### EXERCISE INSTRUCTIONS
Taking the line that contains "Sportverein-Kostuem-Maskottchen-Guenstig-Kaufen-Produktion" as the start and the last line of the data as the end, repeat exactly every line in that span, but no pictures.

*** Opening INFORMATION PROVIDED ***

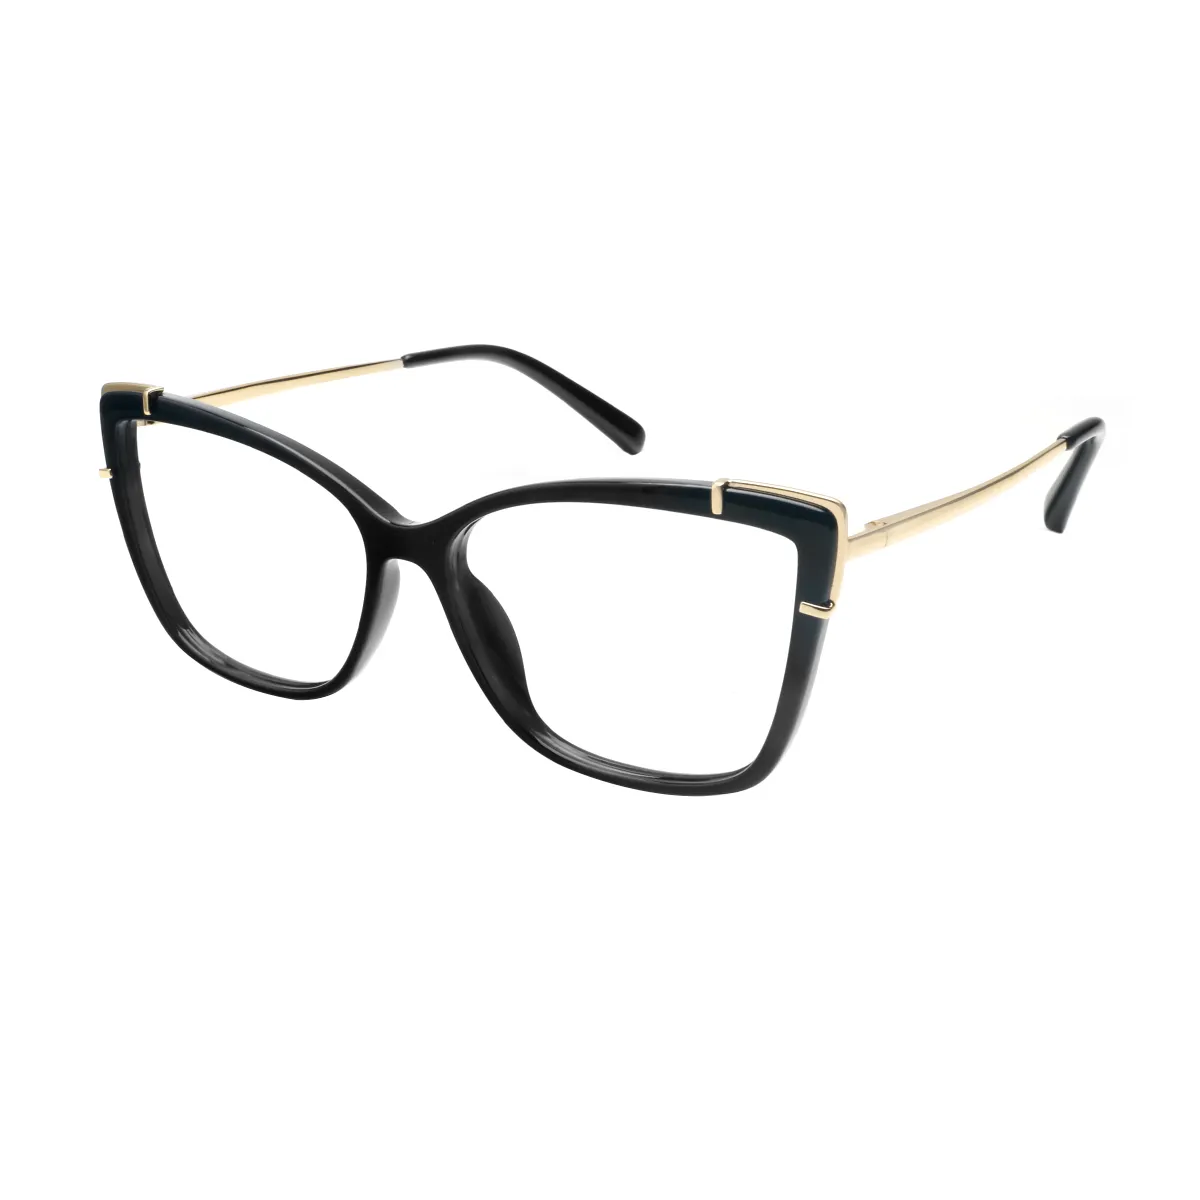 Jayne - Cat-eye Black Glasses for Women - EFE
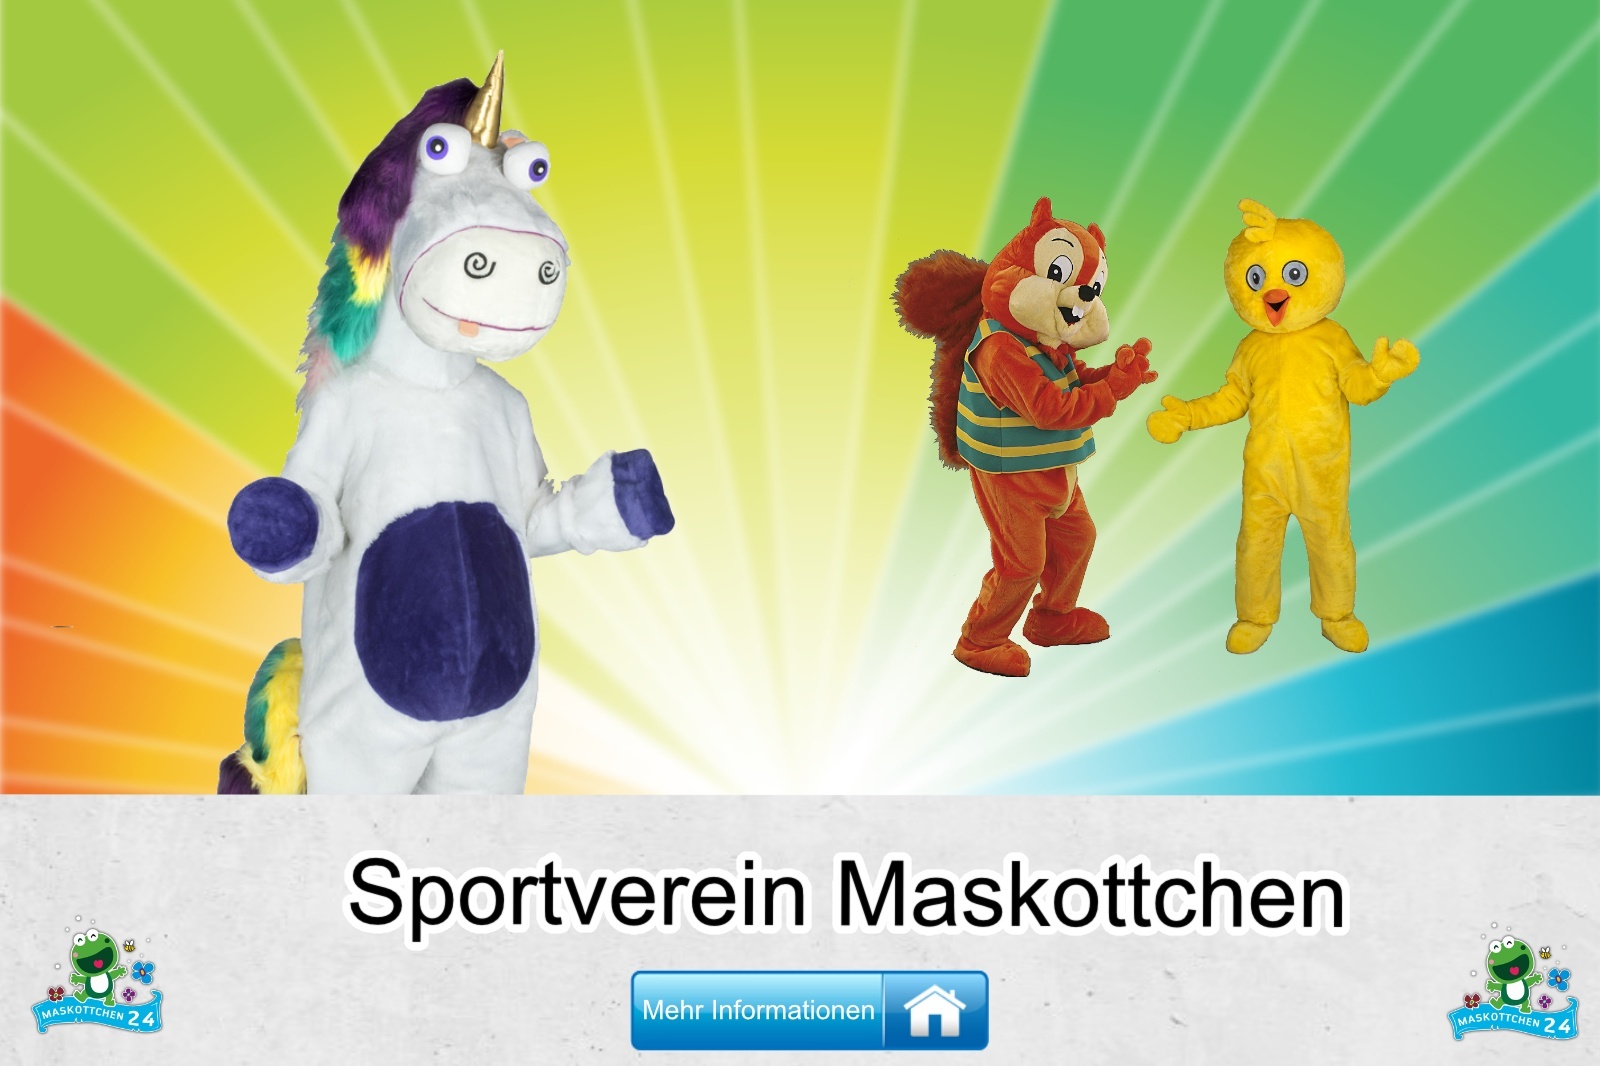 Sportverein-Kostuem-Maskottchen-Guenstig-Kaufen-Produktion
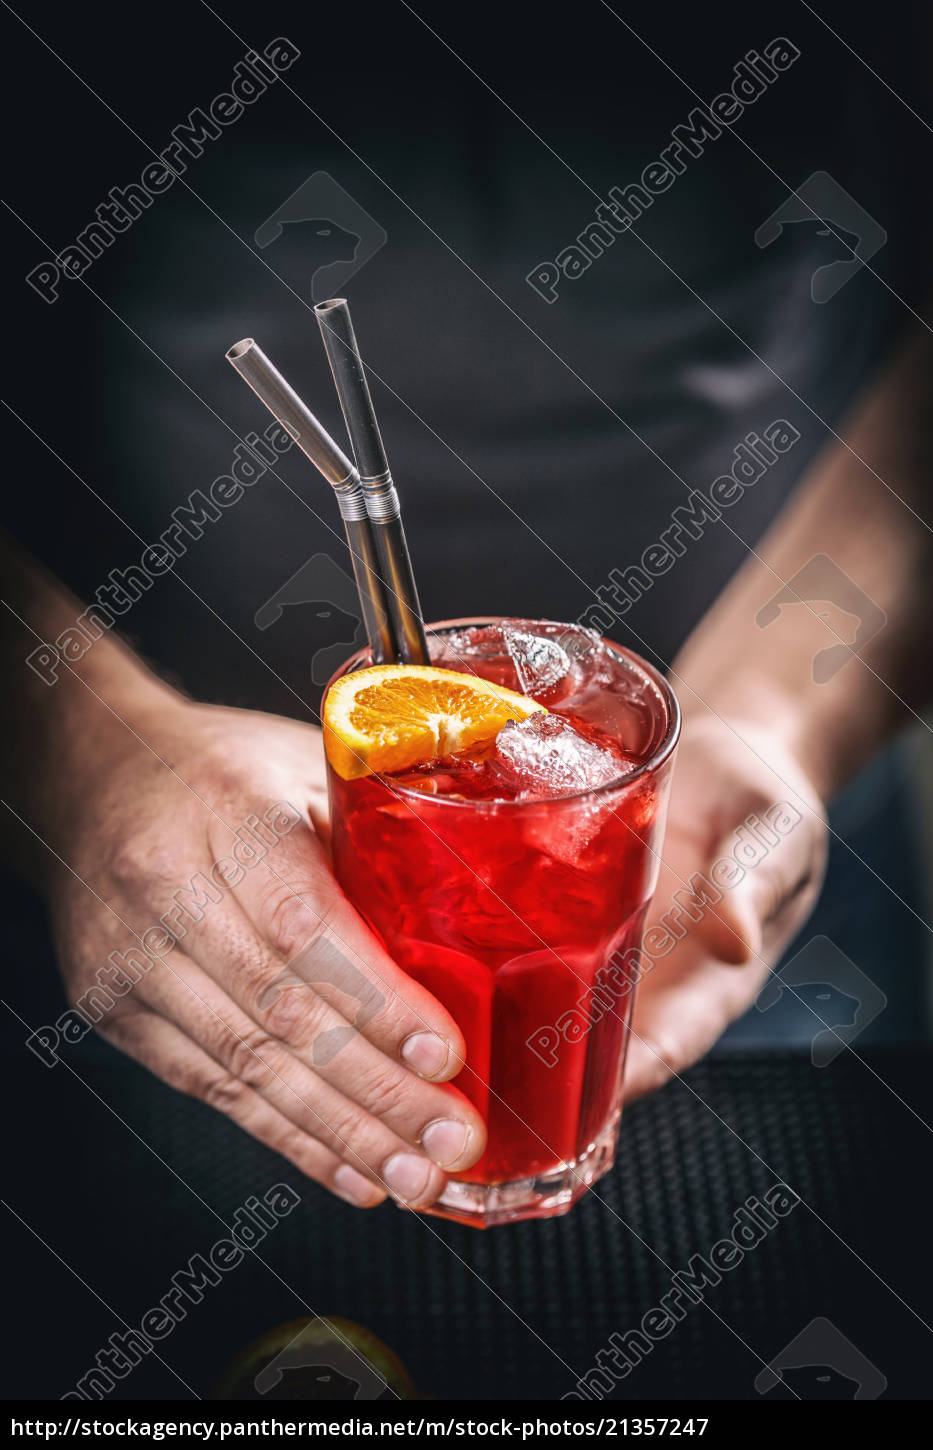 Roter alkoholfreier Cocktail - Lizenzfreies Bild #21357247 ...
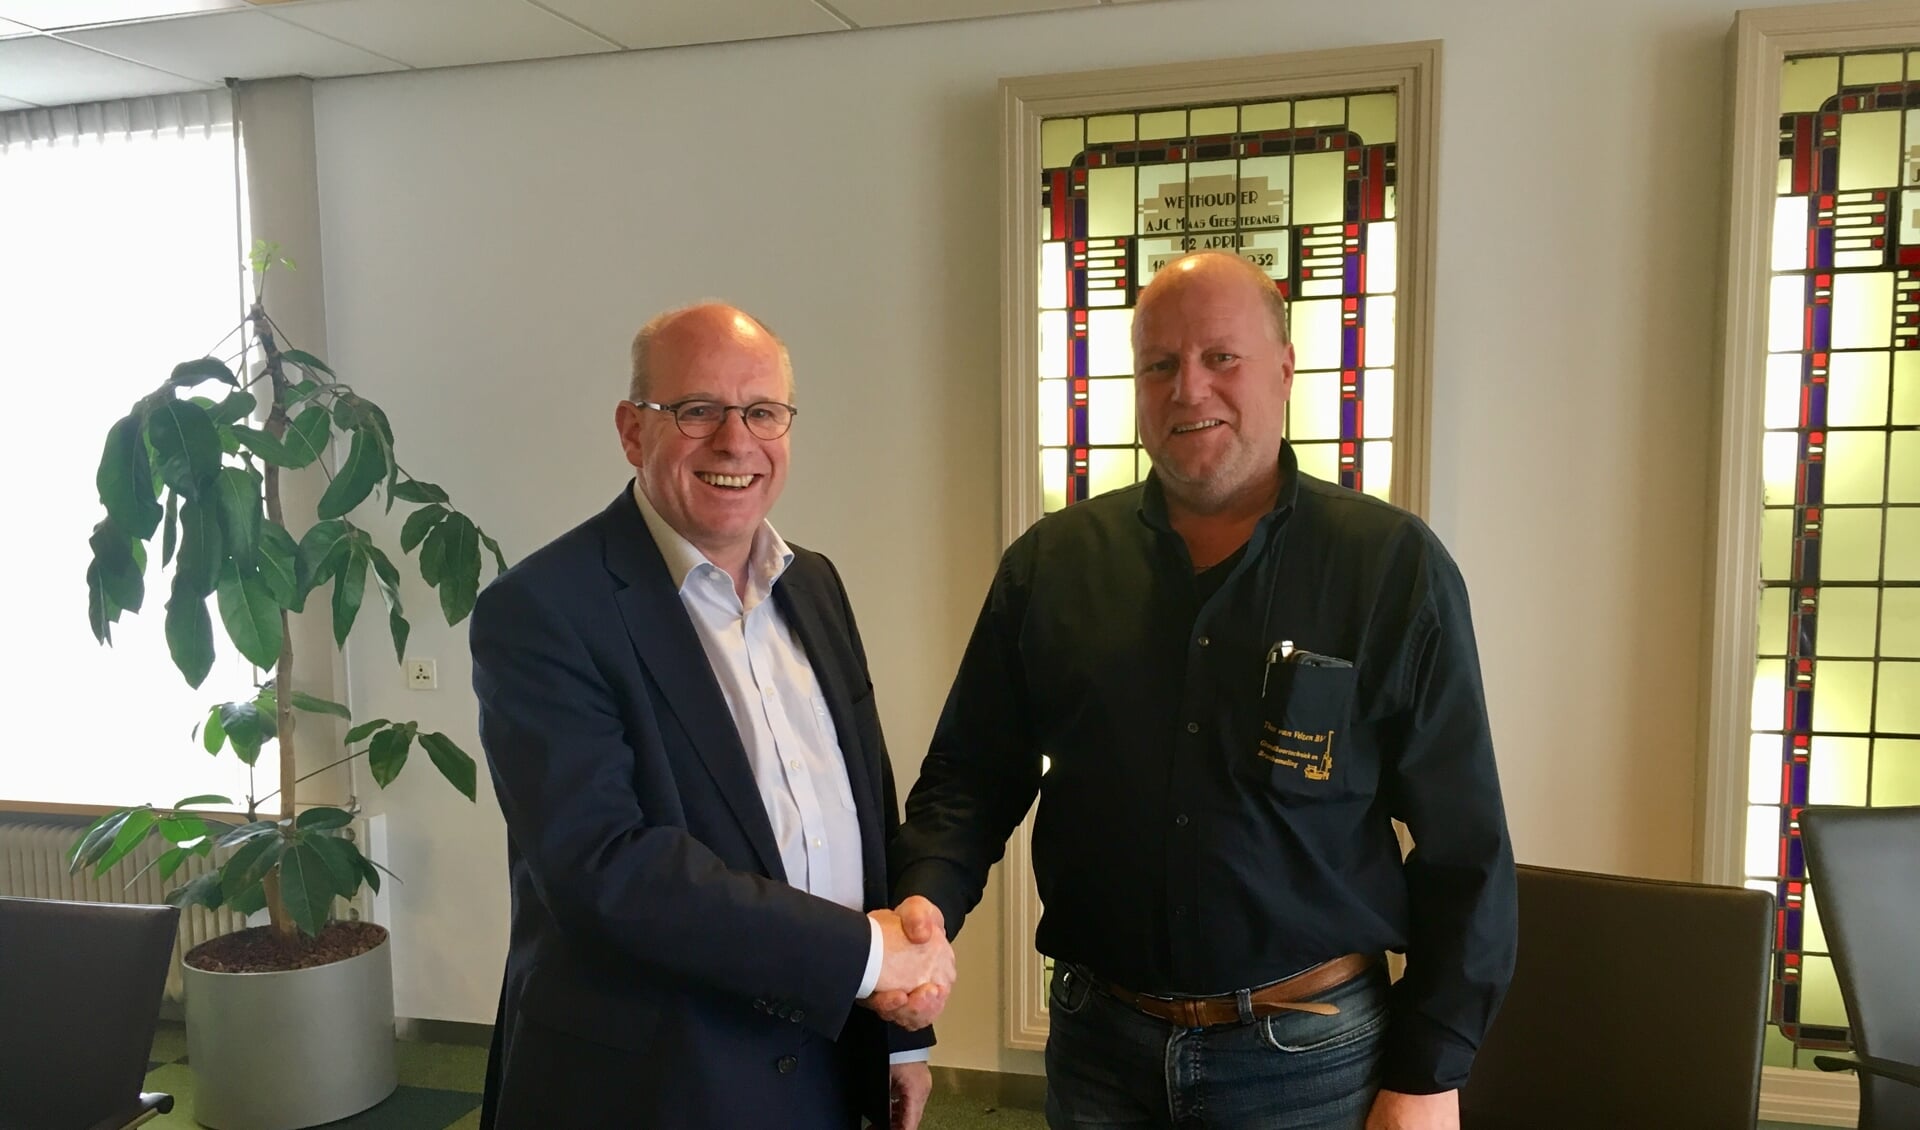 Fred Dellemijn (l), Wethouder gemeente Heiloo en Theo van Velzen, eigenaar Theo van Velzen storage tijdens ondertekening koopovereenkomst.

*** Closing INFORMATION PROVIDED ***

### RESULT FOR THIS EXERCISE
 Sportverein-Kostuem-Maskottchen-Guenstig-Kaufen-Produktion
 Roter alkoholfreier Cocktail - Lizenzfreies Bild #21357247 ...
 Fred Dellemijn (l), Wethouder gemeente Heiloo en Theo van Velzen, eigenaar Theo van Velzen storage tijdens ondertekening koopovereenkomst.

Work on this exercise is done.